Sore arms and mild fevers are not unusual after receiving seasonal flu shots. "But the science is extremely reassuring" that vaccines do not cause autism, says Kris Sheedy, director of community outreach for NCIRD. Anyone who's concerned about the mercury-based preservative thimerosal (which is added to multidose vials of flu vaccine to prevent contamination) can request one of the thimerosal-free versions: the nasal vaccine or a single-dose preloaded syringe. The government anticipates having enough of these to meet the demand for young children and pregnant women. (There are some individuals who cannot receive the nasal version, including children under 24 months, children under 5 with asthma or recurrent wheezing, and asthmatics in general.)

This vaccine is egg-based. What if I'm allergic to eggs?
You should avoid the vaccine. If you're in a high-risk group and you come down with the flu, see your doctor immediately. Antiviral medications, given within 24 to 48 hours of the onset of symptoms, can dramatically improve one's outcome.
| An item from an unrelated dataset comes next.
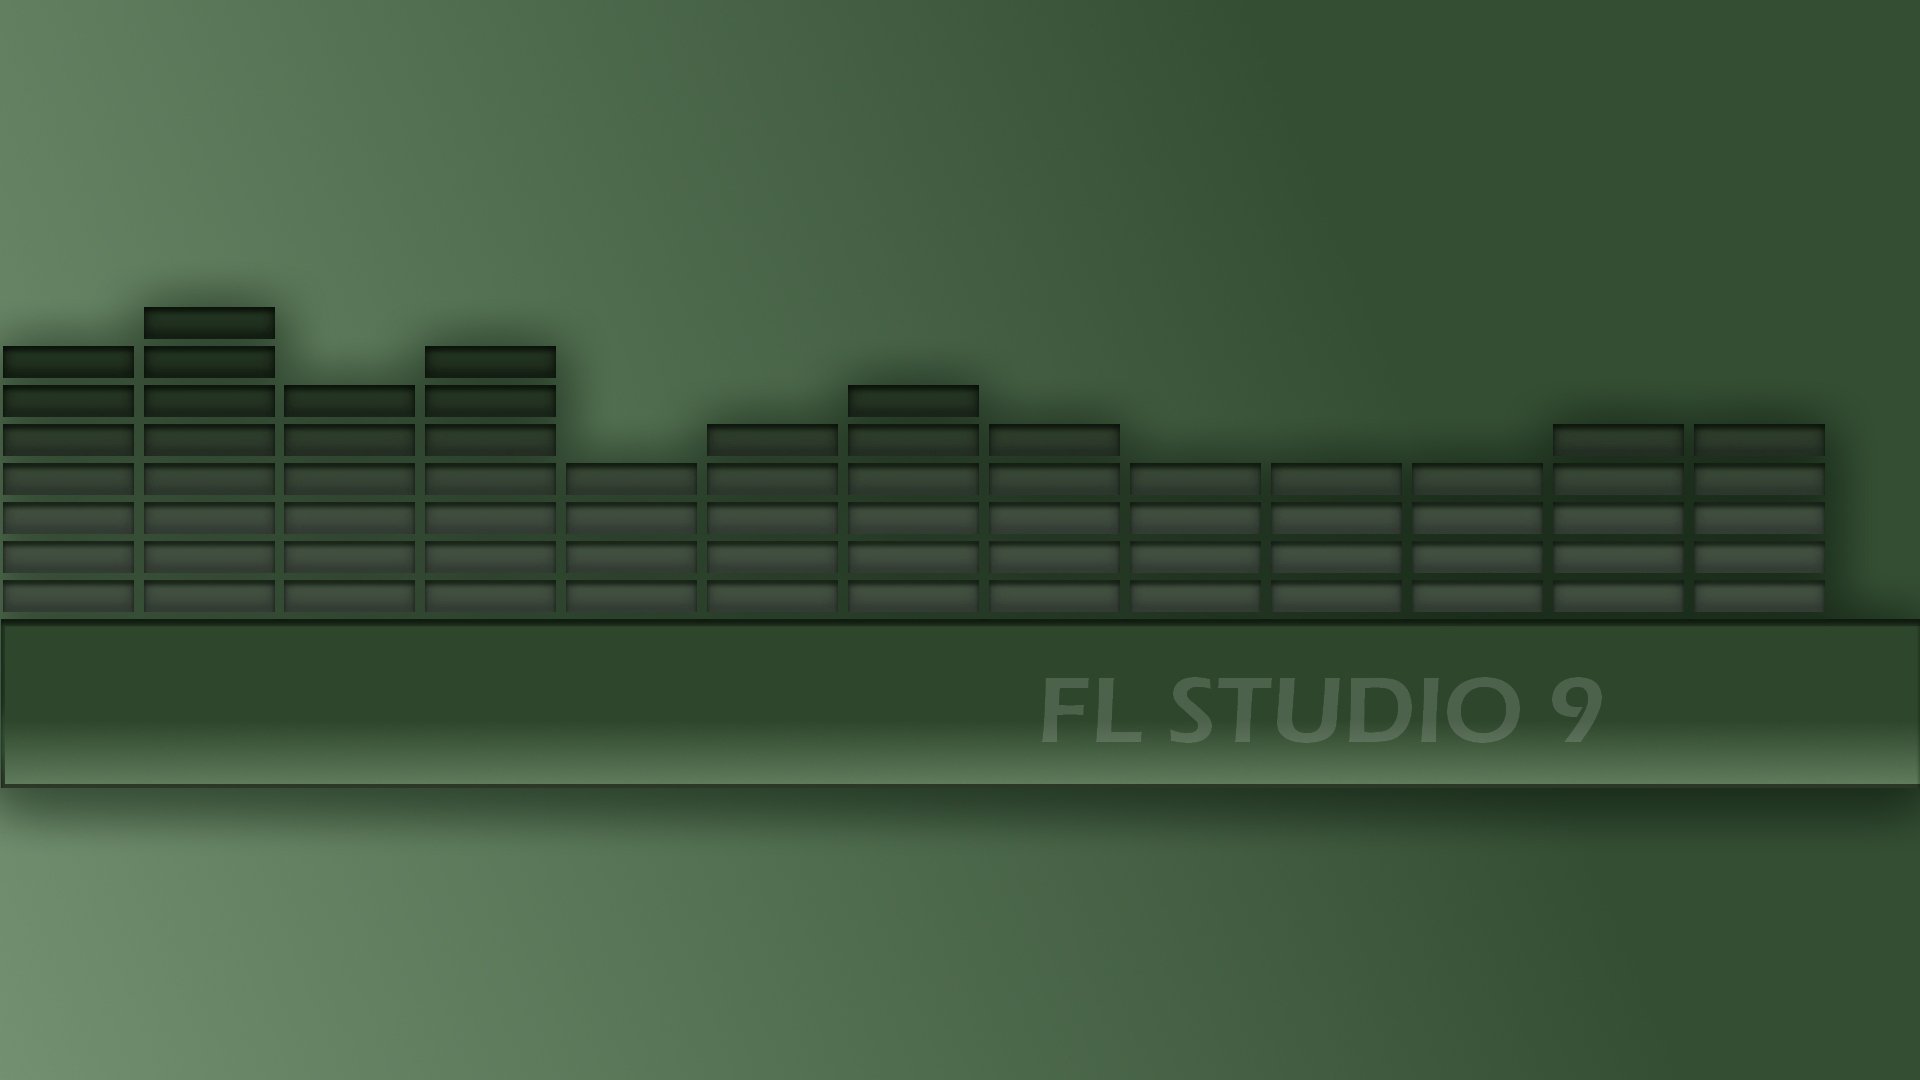 FL Studio Greenie Background by D jancho E on

Until the vaccine is available, what should I do to protect myself?
It's most important is to wash your hands frequently and well—20 seconds with soap and water—and avoid touching your eyes and nose. Alcohol-based hand gels are also effective. Second, to avoid spreading germs, cover your mouth when you cough or sneeze, preferably using your sleeve or a tissue. And third, if you're sick or your child is sick, stay home until the fever has gone away for at least 24 hours without the use of fever-reducing medication.